La storia la sapete, ma vale la pena ricordare che l’idea di tostare e utilizzare i chicchi ritrovati negli escrementi di questi viverridi (chiamati “civette delle palme”, simili a dei furetti) nasce dai tempi dell’occupazione olandese, che sfruttava le piantagioni di caffè proibendone il consumo ai balinesi che si accorsero presto che, appunto, negli escrementi delle civette si trovavano spesso le bacche digerite di caffè ancora utilizzabili per la tostatura. Il Kopi Luwaks è un caffè comunque particolare e interessante, ancora più che per il suo odore esotico, molto terroso e con rimandi a peperoni verdi con tocchi di caramello, muschio e pepe bianco, per la sua cremosità e il suo corpo sciropposo e rotondo, con un finale di cioccolato inconfondibile.
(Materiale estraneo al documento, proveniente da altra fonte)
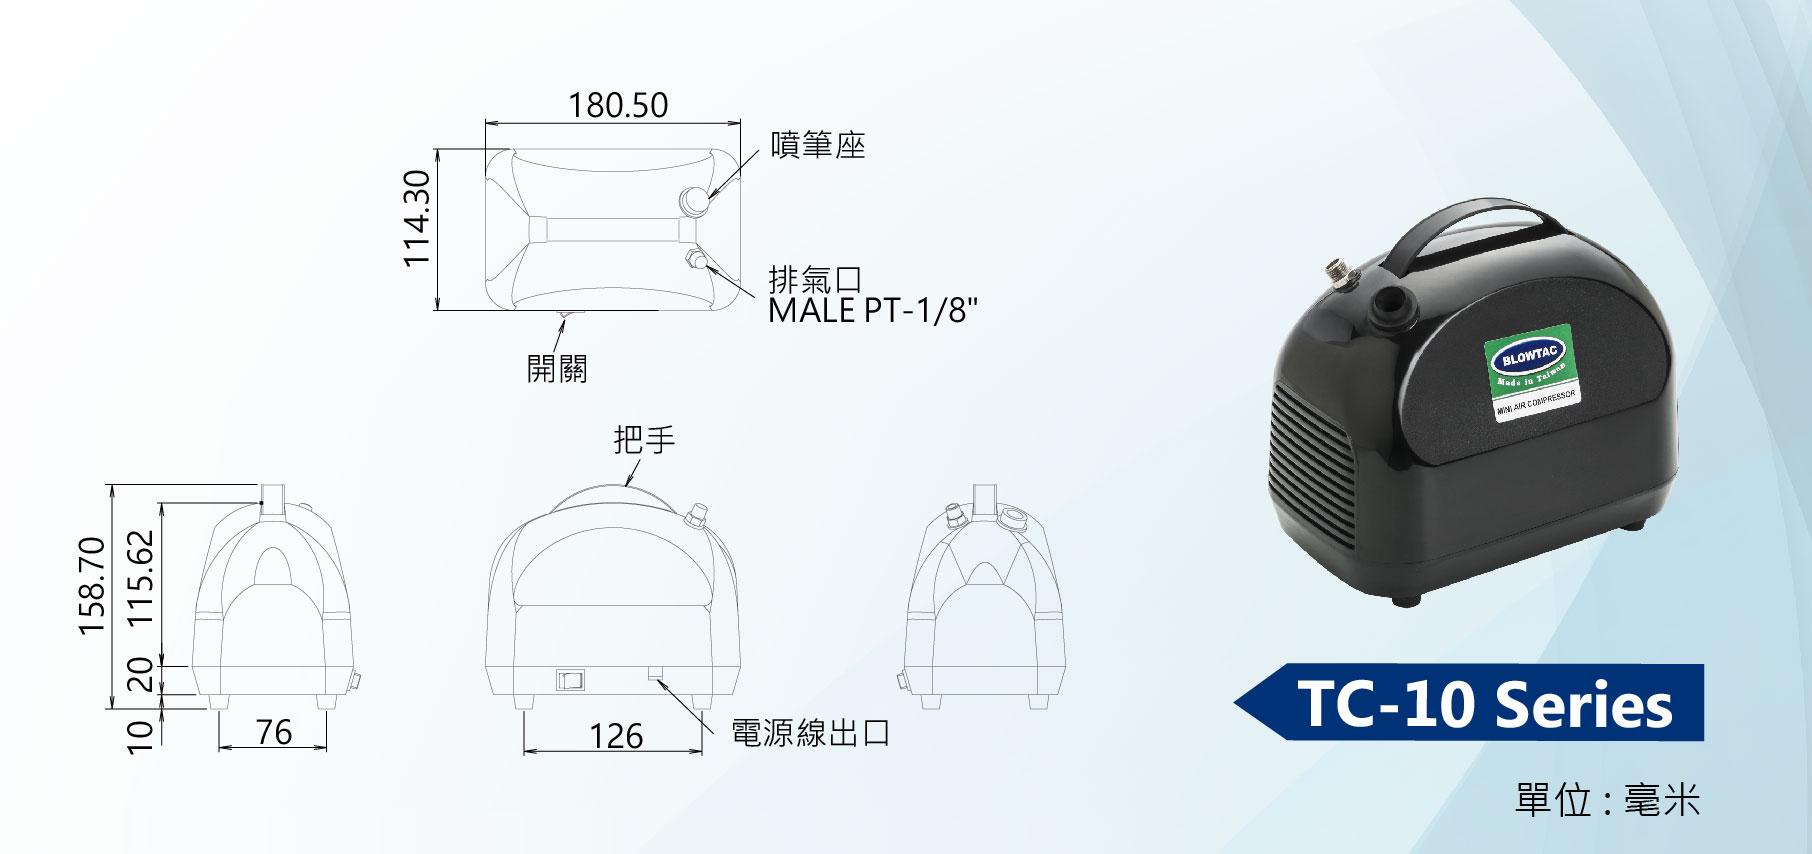 TC-10 Series Mini Air Compressors Dimension

Restano le riserve e la tristezza nel veder condannati questi animaletti a consumare soltanto caffè invece di una dieta più variegata, quasi alla stregua del trattamento subito dalle oche per il nostro amato foie gras. Se lo consumate, sappiate che contribuirete a far perdurare questo tipo di allevamento. Ma potete benissimo evitare di andare a vedere gli allevamenti di Luwaks e gustarvelo in uno dei tanti coffee shop a giro, accoglienti e pieni di onde wi-fi: sono cloni molto ben fatti di Starbucks con incluso persino un ottimo cheesecake agli Oreo.

La verità però è che da queste parti anche per gustarsi il più spettacolare piatto locale, il maialino da latte al forno o Babi Guling (ostentato quasi come la religione sempre per marcare la differenza con l’Indonesia musulmana) non senti davvero il bisogno di alcol o freschezza, va benissimo anche una bevanda a base di ginger e altri ingredienti pseudo naturali, servita in bottiglia heineken riciclata. Solo così ti puoi lasciare avvolgere da tutte le spezie, i contrasti e gli aromi penetranti dell’isola, solo così, senza alcol, puoi gustarti l’armonia di questo street food che ha molto in comune con il porceddu sardo e la porchetta umbra, con in più il fascino di queste fritture ariose e delicate di cotenna di cui ti farciresti la valigia.

Eppoi diciamoci la verità, per godere di tramonti così, chi ha bisogno davvero di bere?

Andrea Gori

Quarta generazione della famiglia Gori – ristoratori in Firenze dal 1901 – è il primo a occuparsi seriamente di vino. Biologo, ricercatore e genetista, inizia gli studi da sommelier nel 2004. Gli serviranno 4 anni per diventare vice campione europeo. In pubblico nega, ma crede nella supremazia della Toscana sulle altre regioni del vino, pur avendo un debole per Borgogna e Champagne. Per tutti è “il sommelier informatico”.